Entries taken from a collection:
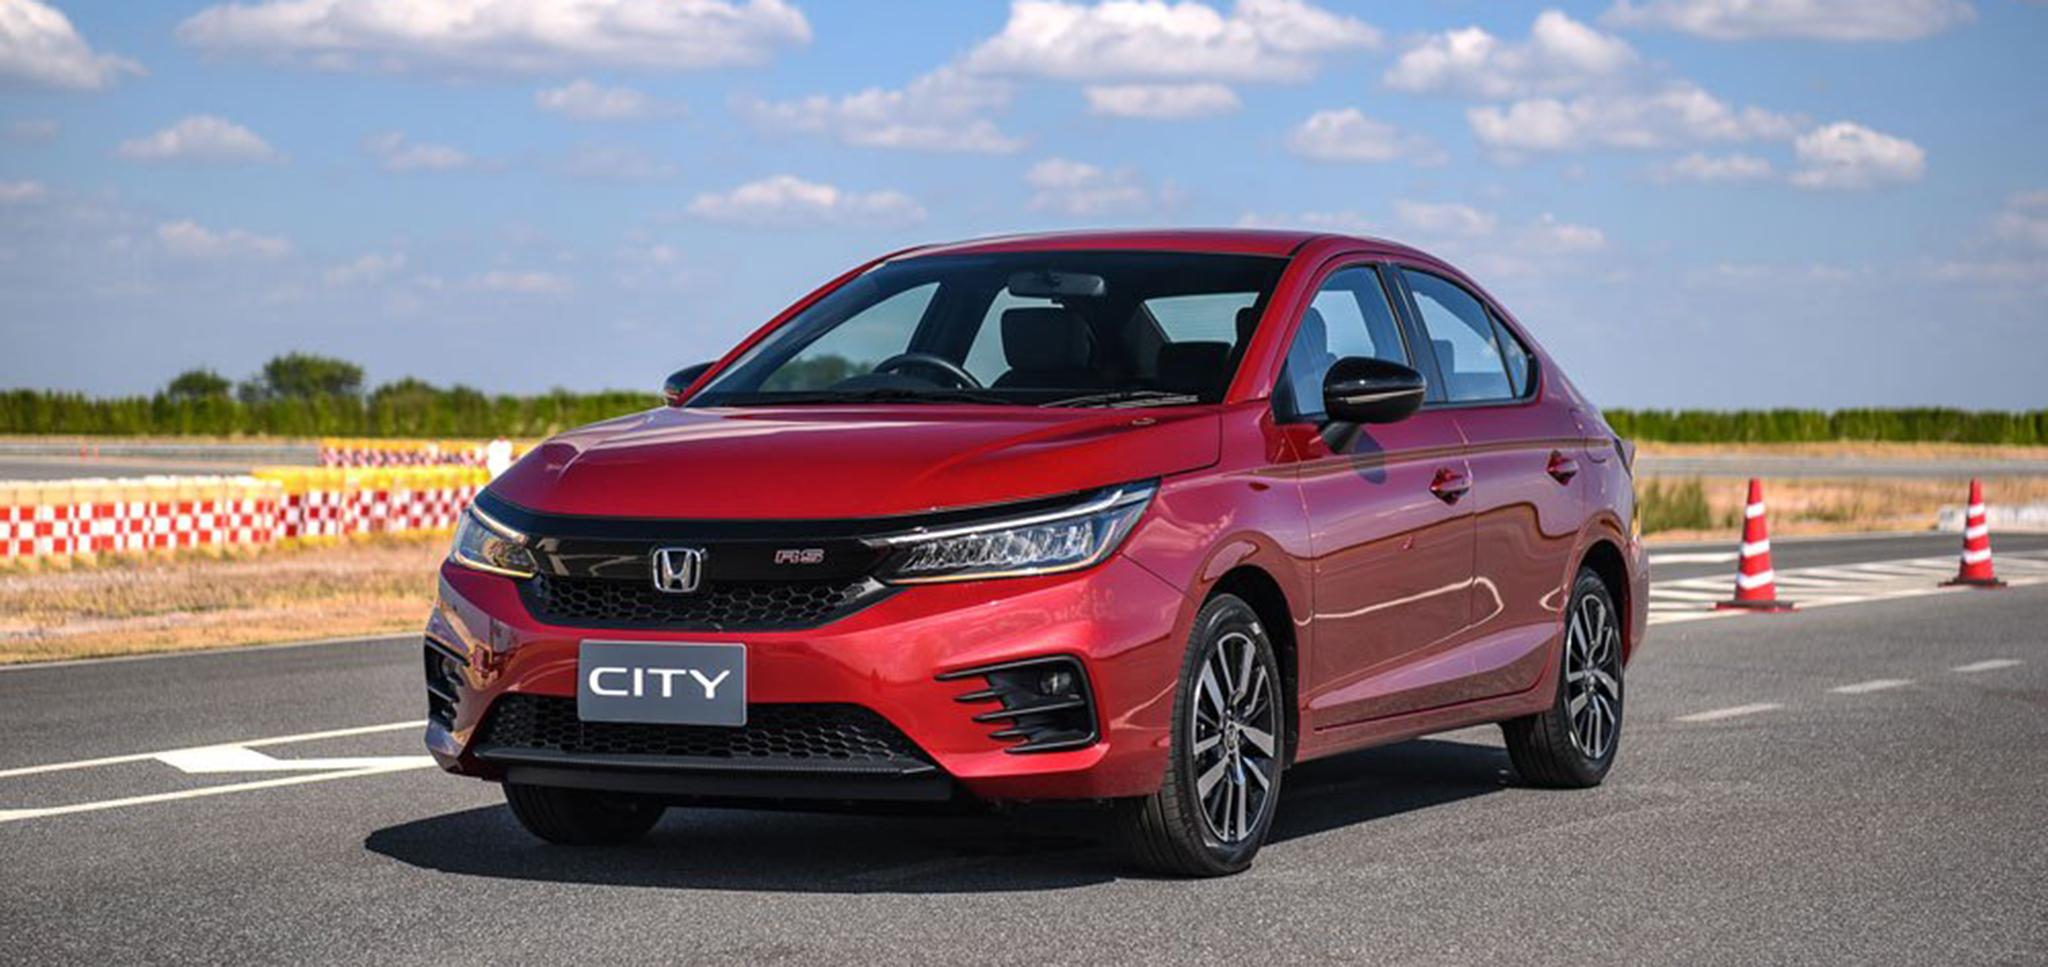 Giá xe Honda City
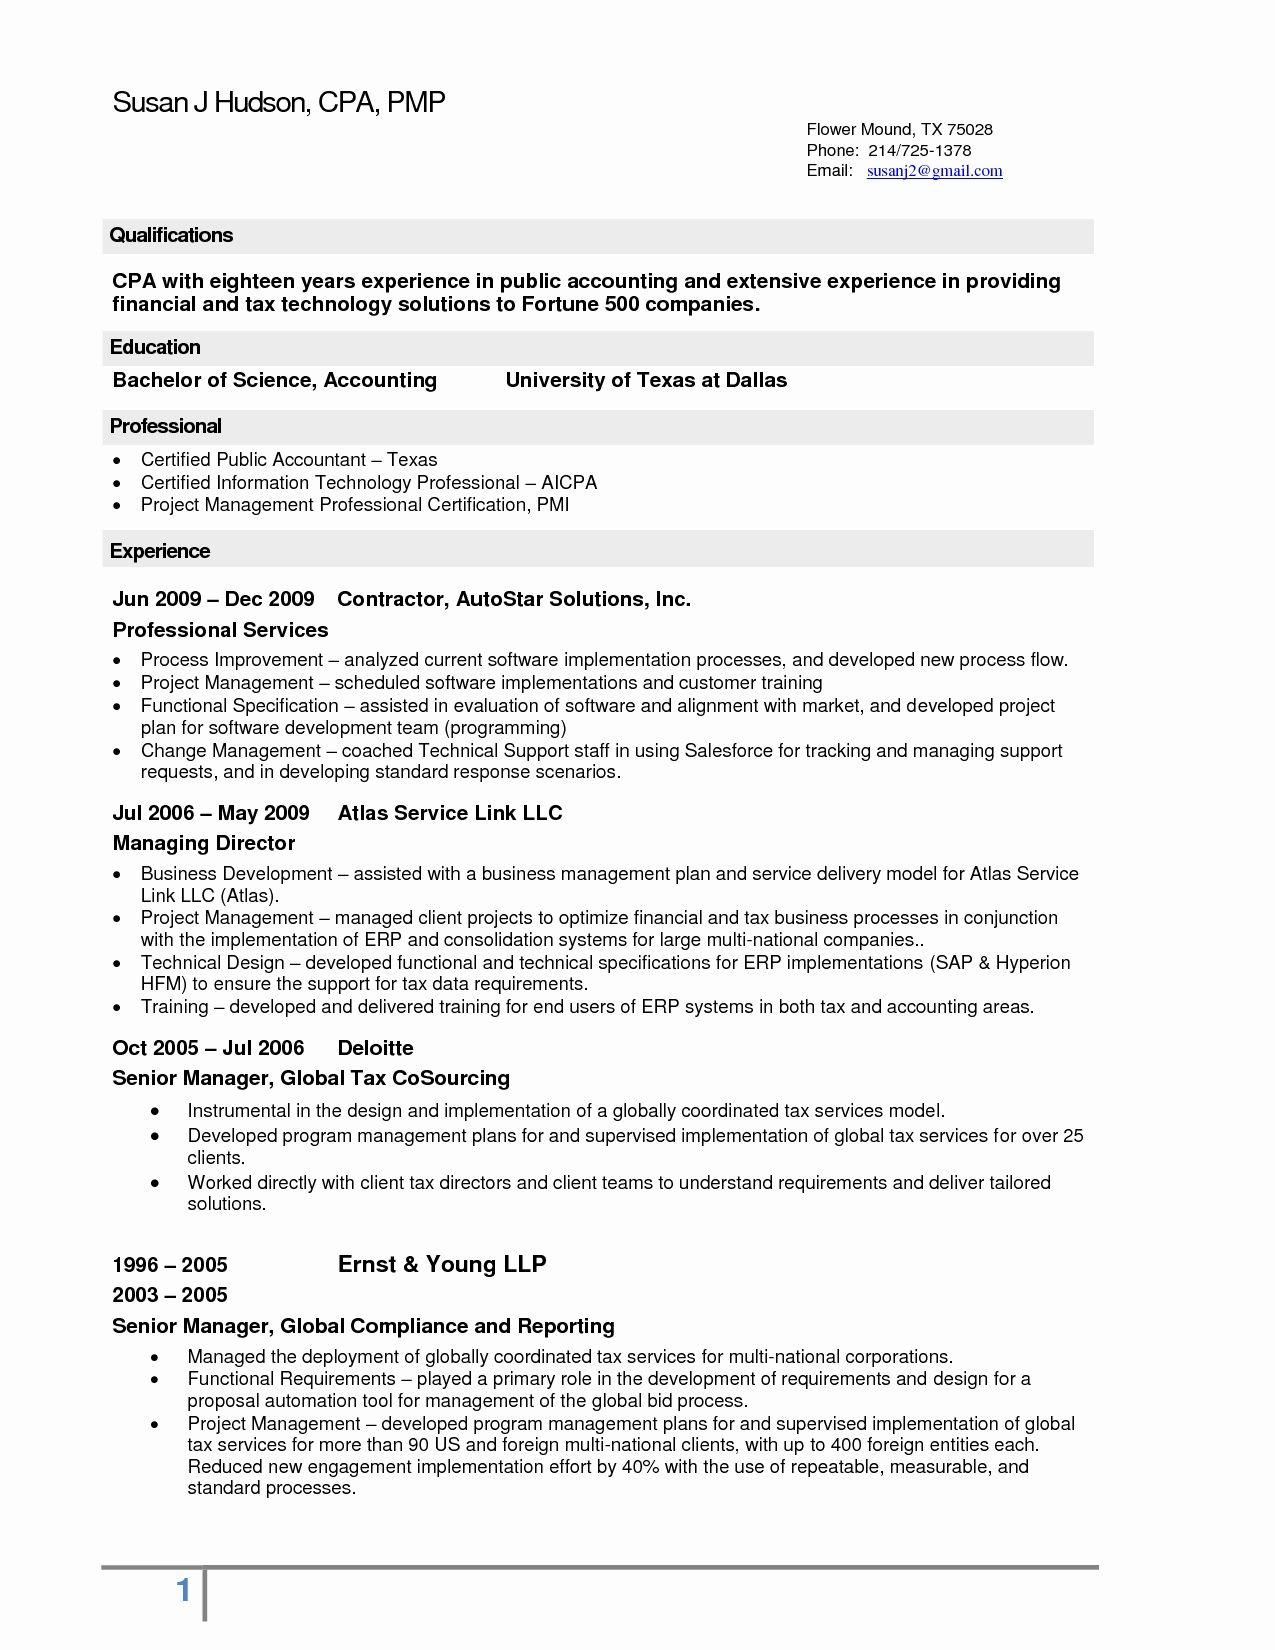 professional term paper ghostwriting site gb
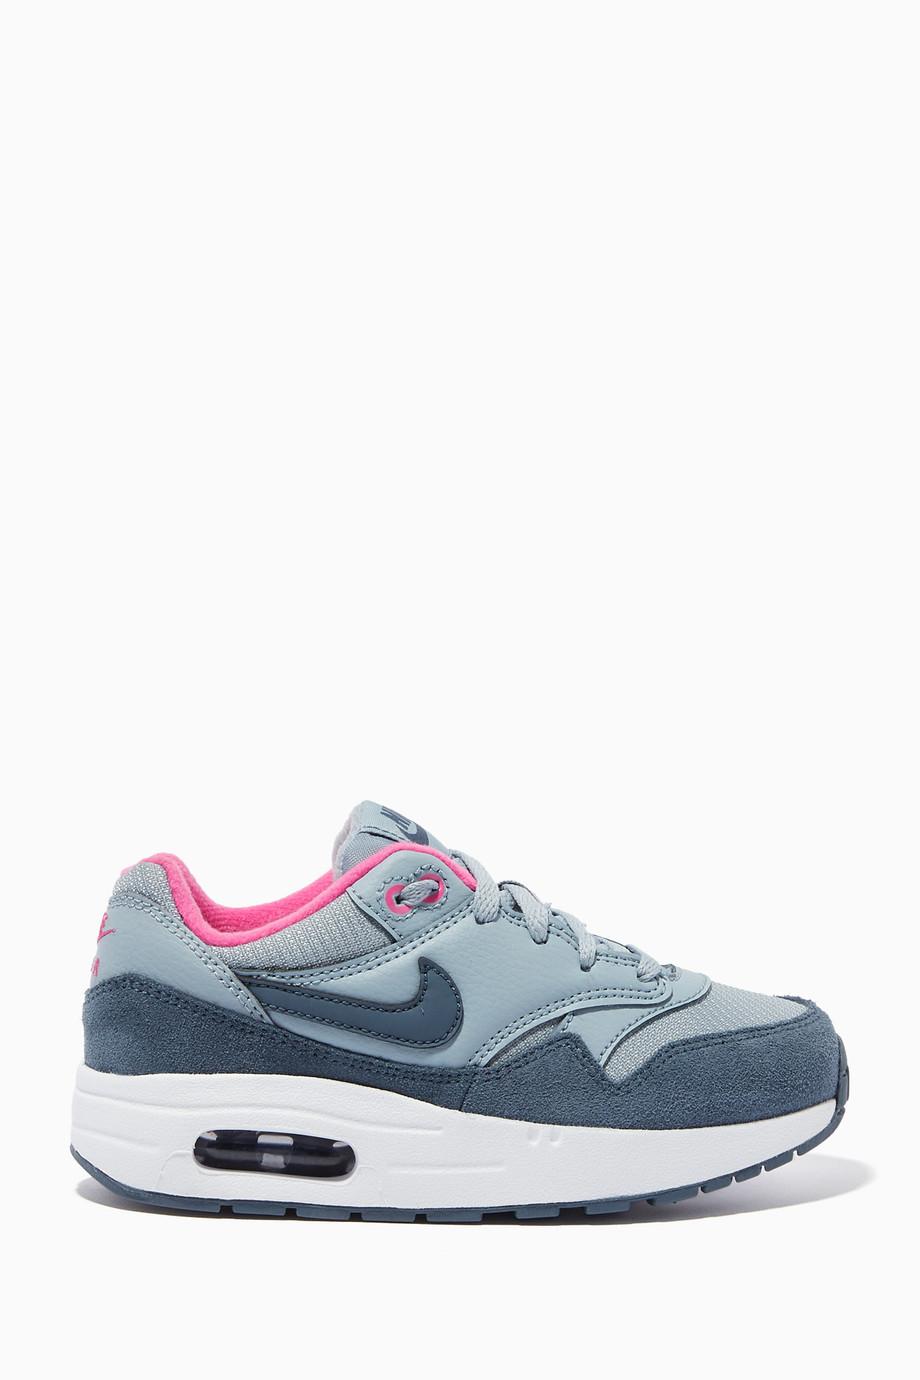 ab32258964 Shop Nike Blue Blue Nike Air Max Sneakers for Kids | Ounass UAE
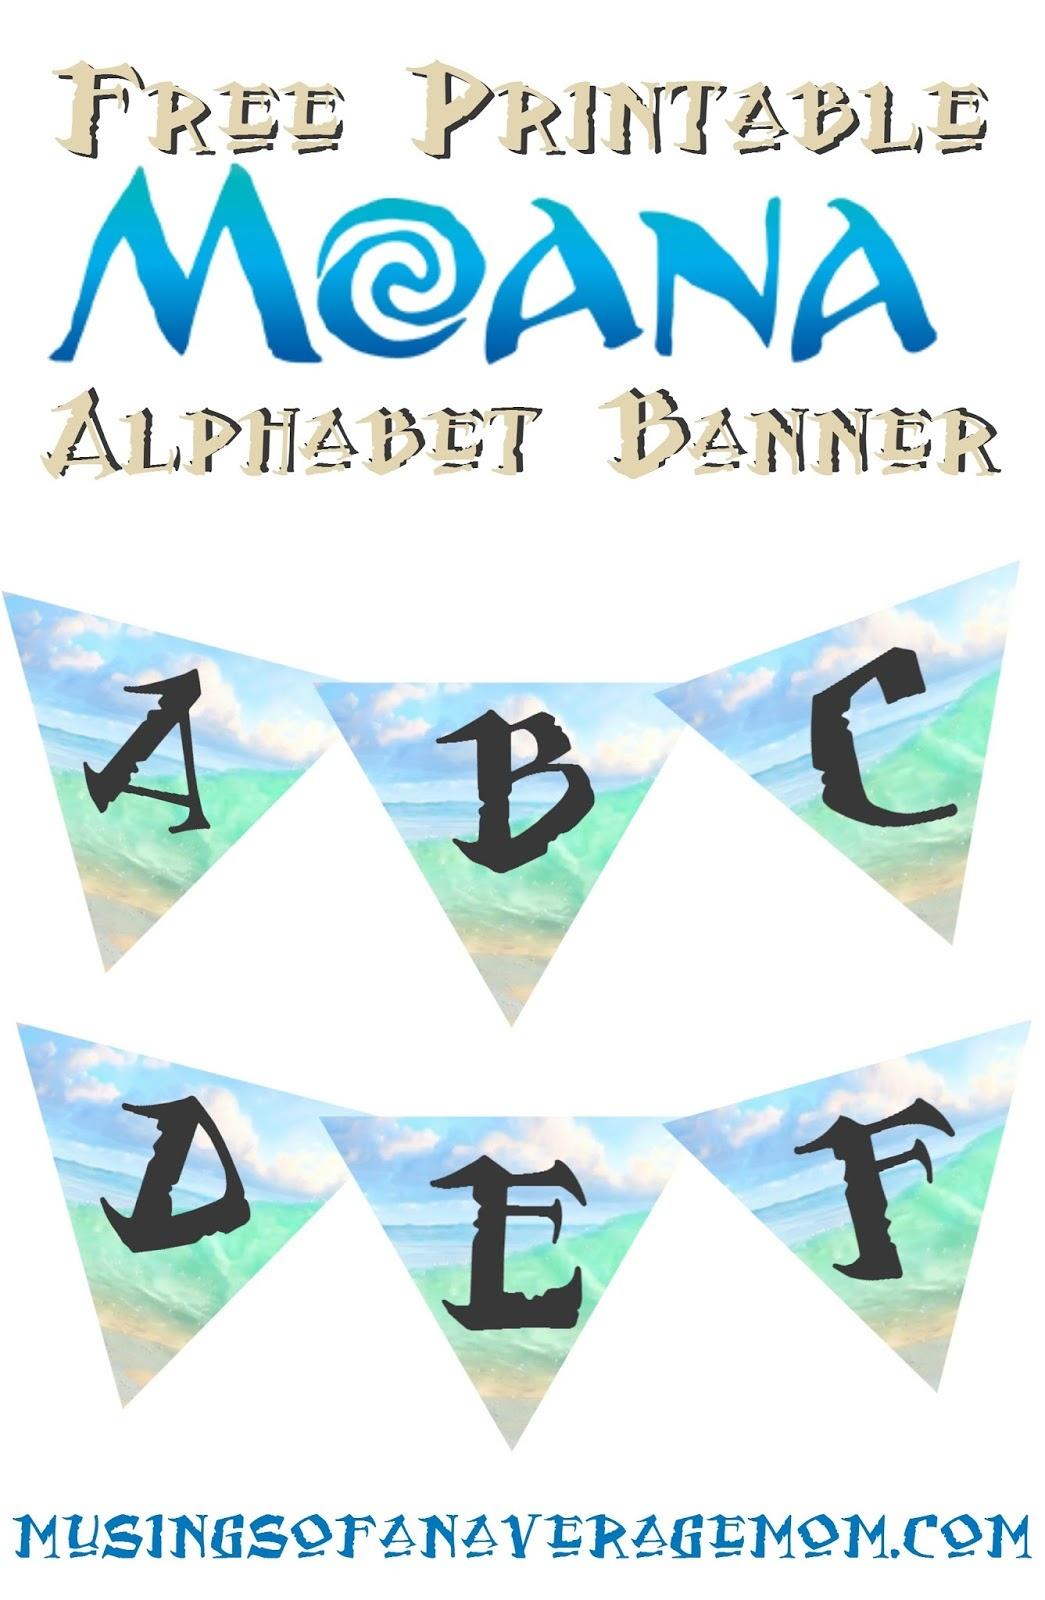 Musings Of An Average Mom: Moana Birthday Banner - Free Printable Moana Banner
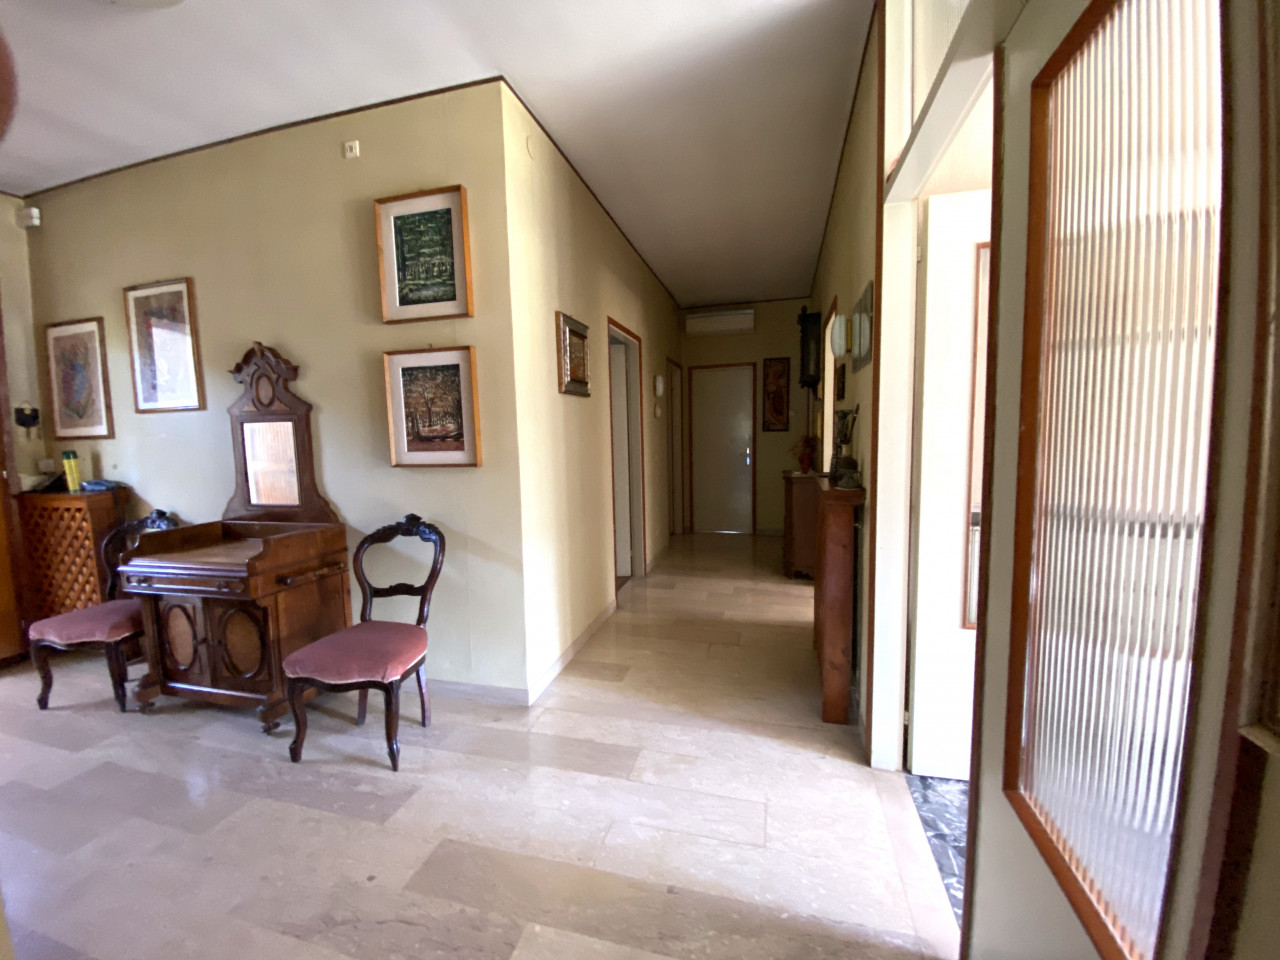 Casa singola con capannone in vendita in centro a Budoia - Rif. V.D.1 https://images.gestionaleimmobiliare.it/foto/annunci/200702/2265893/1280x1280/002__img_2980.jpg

WORK REQUIRED: I'd like every record transcribed exactly, with no pictures carried over.

ANSWER SECTION:
 Giá xe Honda City
 professional term paper ghostwriting site gb
 ab32258964 Shop Nike Blue Blue Nike Air Max Sneakers for Kids | Ounass UAE
 Musings Of An Average Mom: Moana Birthday Banner - Free Printable Moana Banner
 Casa singola con capannone in vendita in centro a Budoia - Rif. V.D.1 https://images.gestionaleimmobiliare.it/foto/annunci/200702/2265893/1280x1280/002__img_2980.jpg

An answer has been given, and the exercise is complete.